Nola Miguel, of the GES Coalition, speaks at Denver City Council in support of a zoning exception that would allow an ADU at a home in Elyria Swansea, Jan. 7, 2018. (Kevin J. Beaty/Denverite)

McDermott said the big warehouse has a special venting system to prevent smells from escaping.

"We take a lot of precautions within the building and the air filtration system here to make sure that we're compliant with that," he said.

There wasn't much of an odor in the parking lot outside the warehouse. The area directly around it didn't receive any formal complaints about marijuana smells in the last four years, though the odor was the second most common smell complaint citywide, according to the city's public health department.

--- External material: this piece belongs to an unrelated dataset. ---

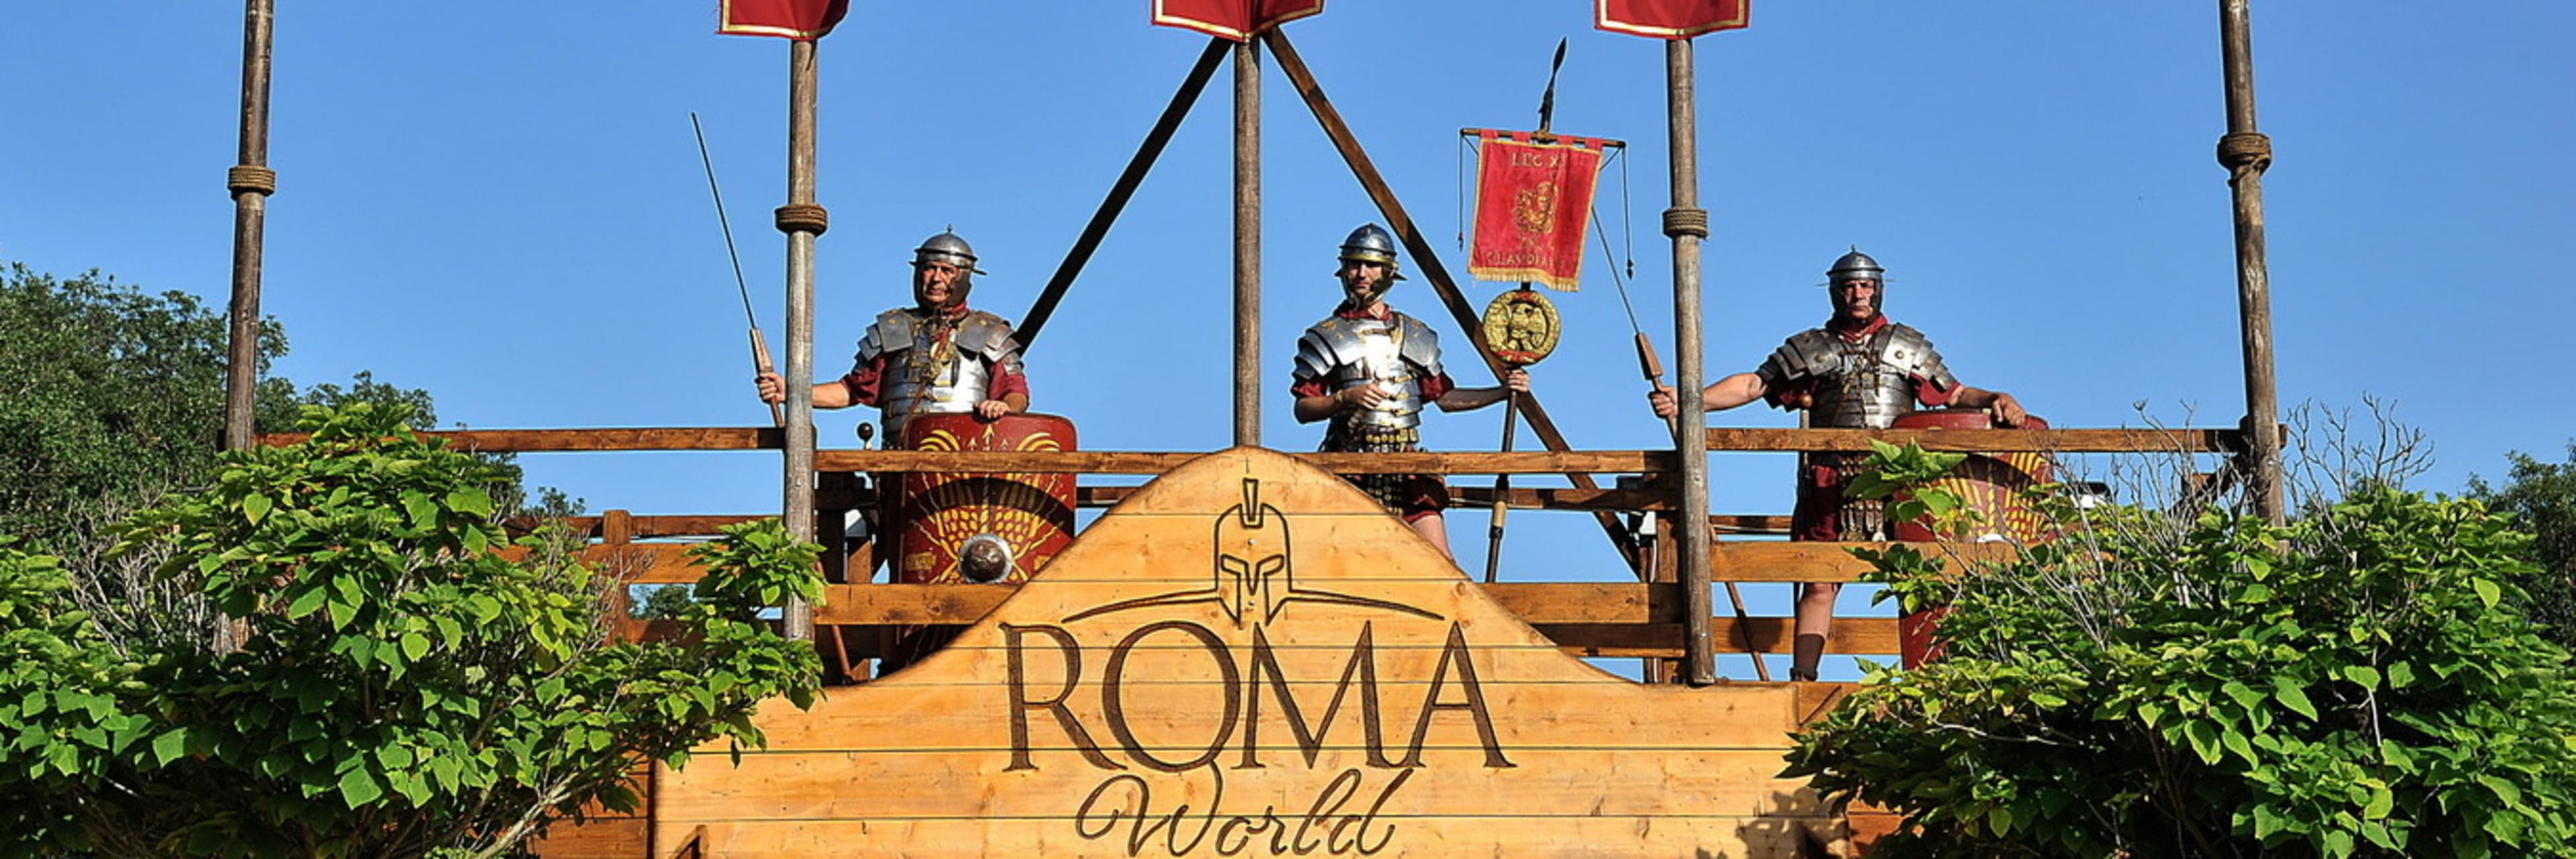 Ancient Roman guards stand sentry at the entrance to Roma World.

Escudero said the city has hired a firm to create a report on marijuana licenses providing information on what the marijuana industry looks like in Denver. It will also help the city determine whether it will adopt a state law passed last year allowing for tasting-room like additions to dispensaries allowing people to smoke inside.

Miguel said they're approaching issues around grows through an anti-displacement lens. Some businesses have shown up to local meetings and made an effort to reach out, but she's interested in a stronger relationship between the two that includes a focus on housing. A chunk of money from marijuana sales tax is used for affordable housing. The industry brought in $46.8 million in tax and licensing fee revenue in 2018, according to figures from the city, which is about 3.5 percent of the city's general fund revenue.

"We would love to have that closer connection instead of (tax money) sort of getting redistributed through the affordable housing fund," Miguel said. "But why not directly impact the house that's down the street?"